» **ACTIVITY**: Output the data below exactly, images excluded.

» **RECORDED DATA**:
====================
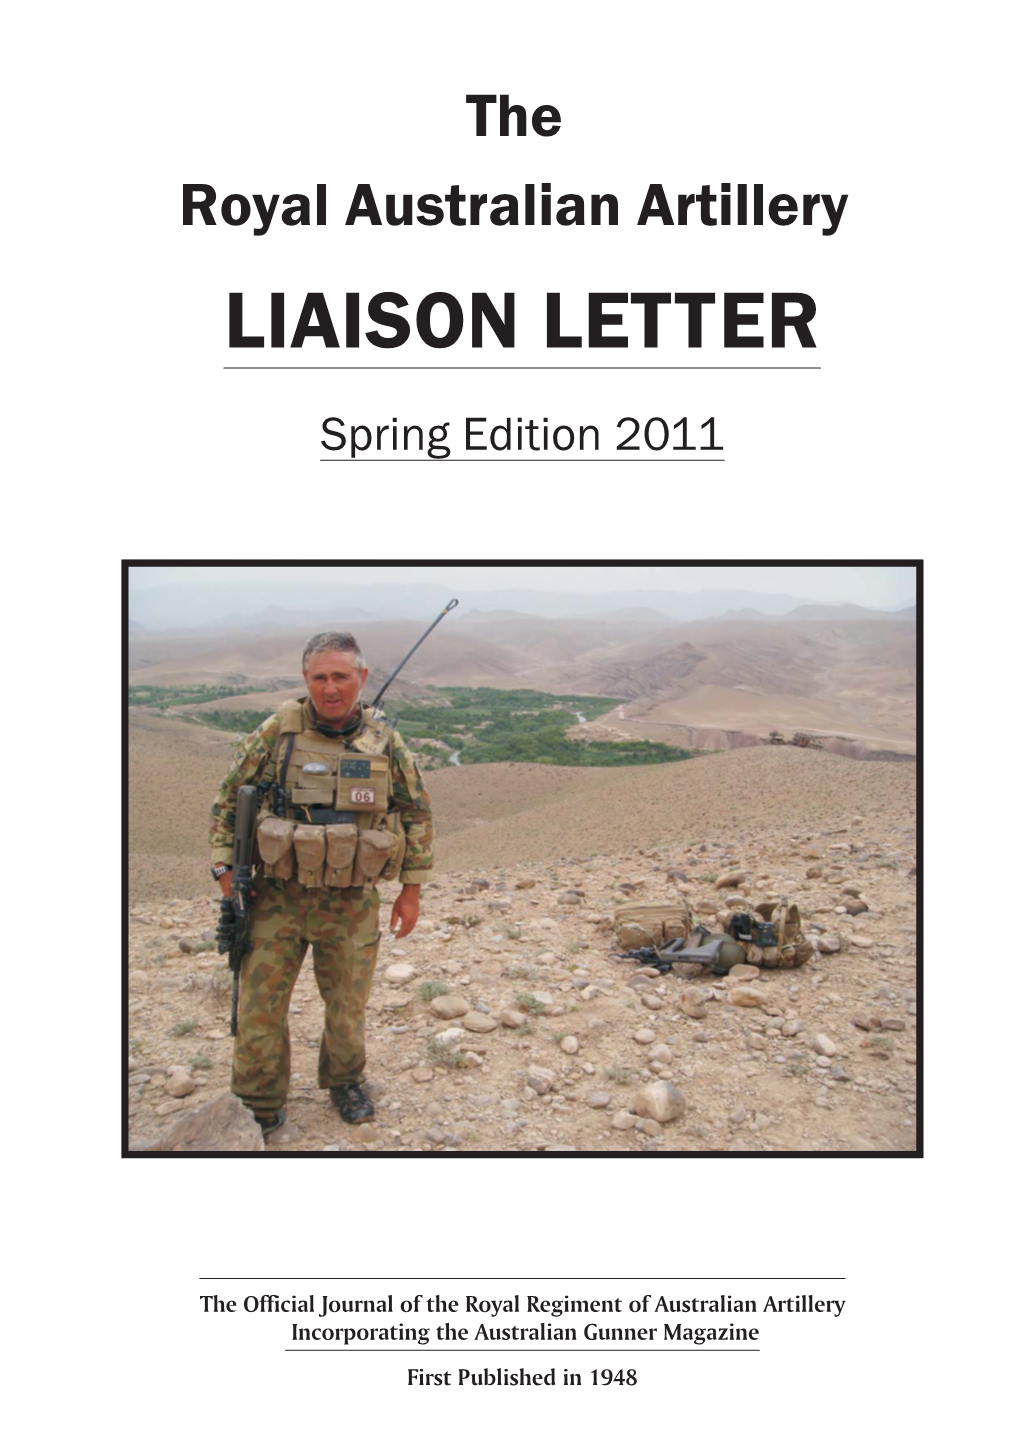 RAA Liaison Letter Spring 2011
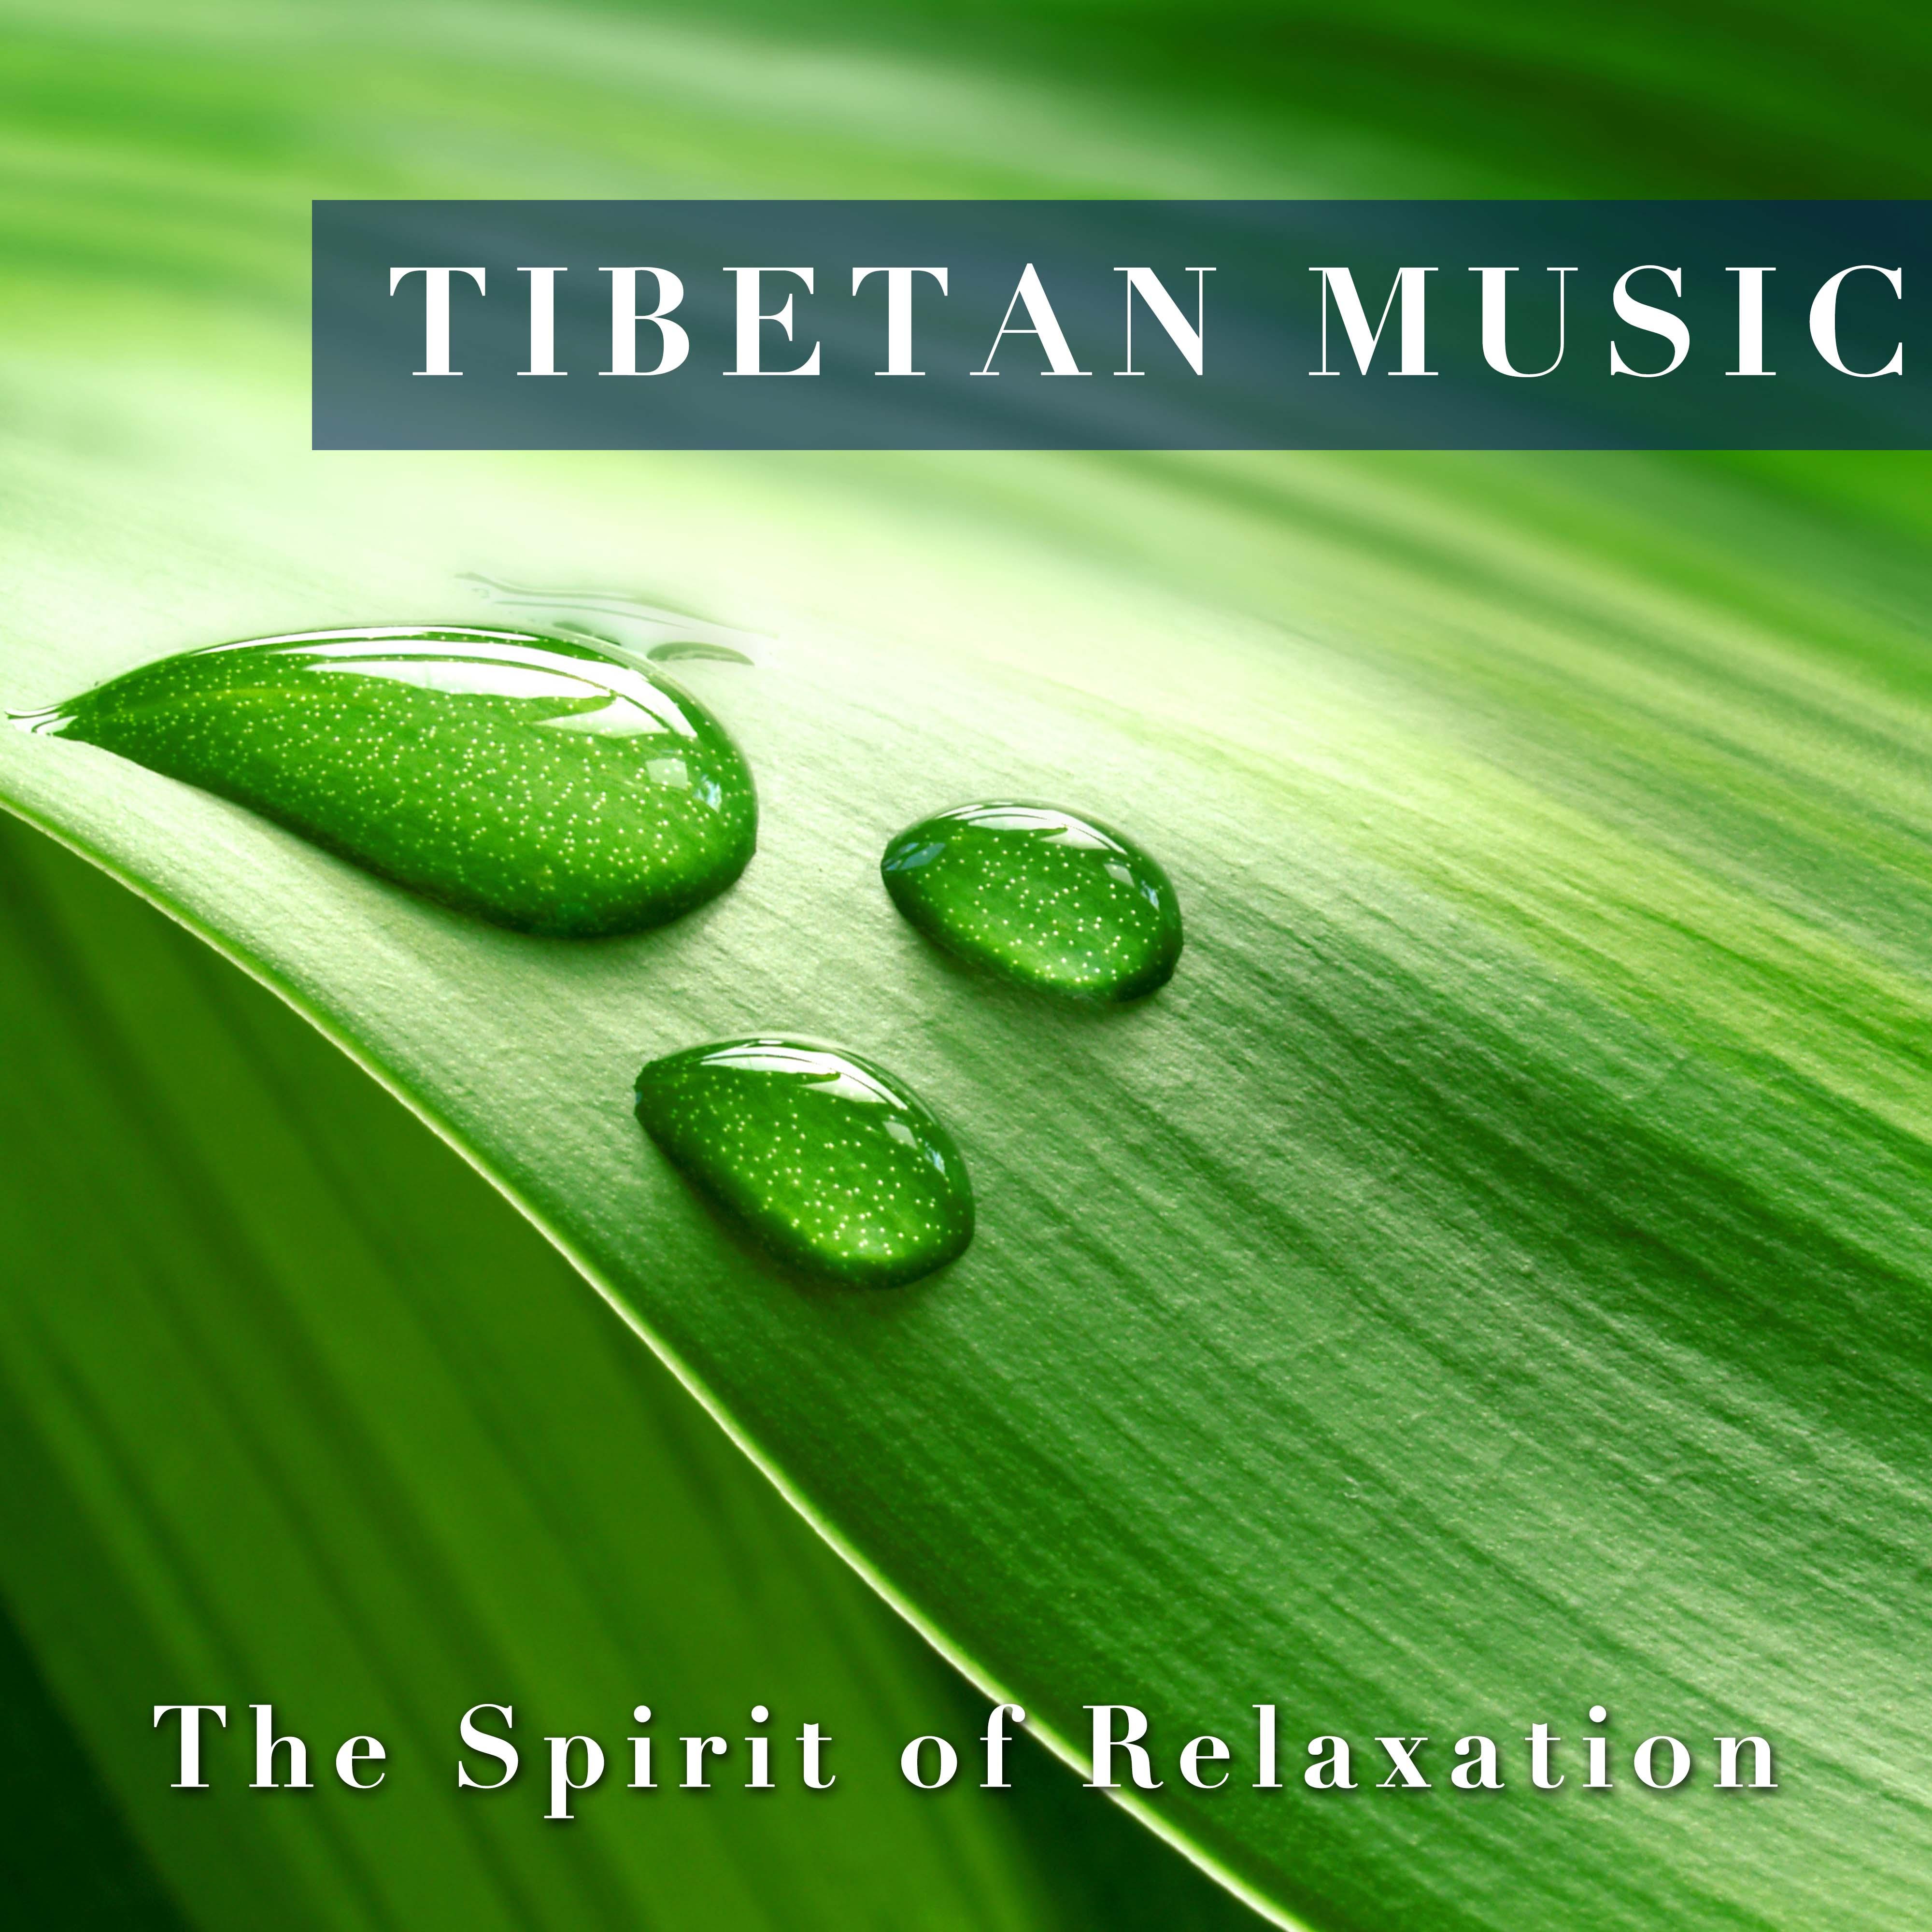 Tibetan Music - The Spirit of Relaxation
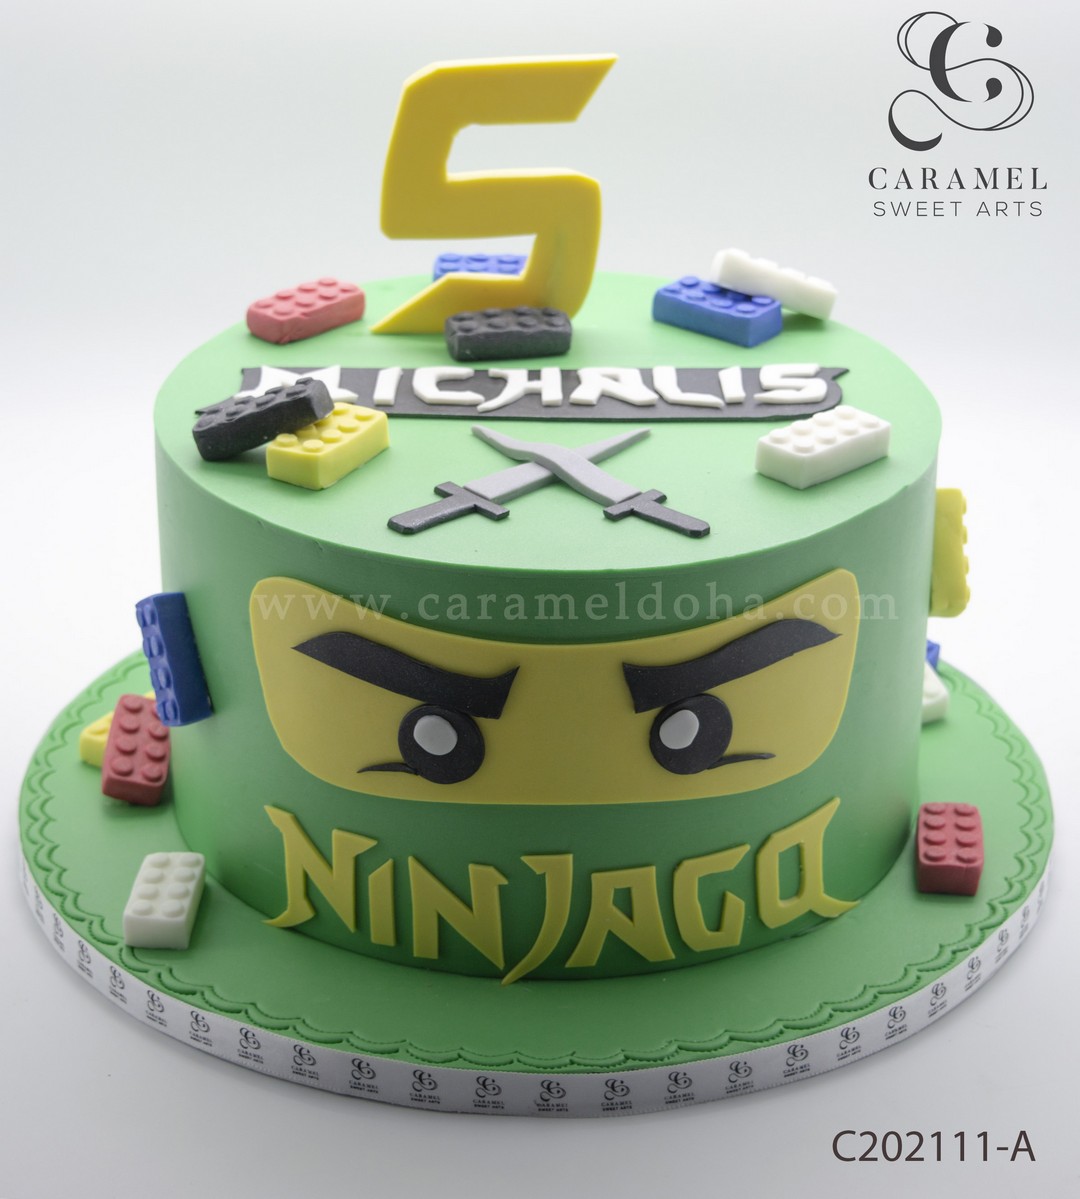 How to make a Ninjago Cake | Two Tier Cake - YouTube
====================
» **ANSWER**:
 RAA Liaison Letter Spring 2011
 Tibetan Music - The Spirit of Relaxation
 How to make a Ninjago Cake | Two Tier Cake - YouTube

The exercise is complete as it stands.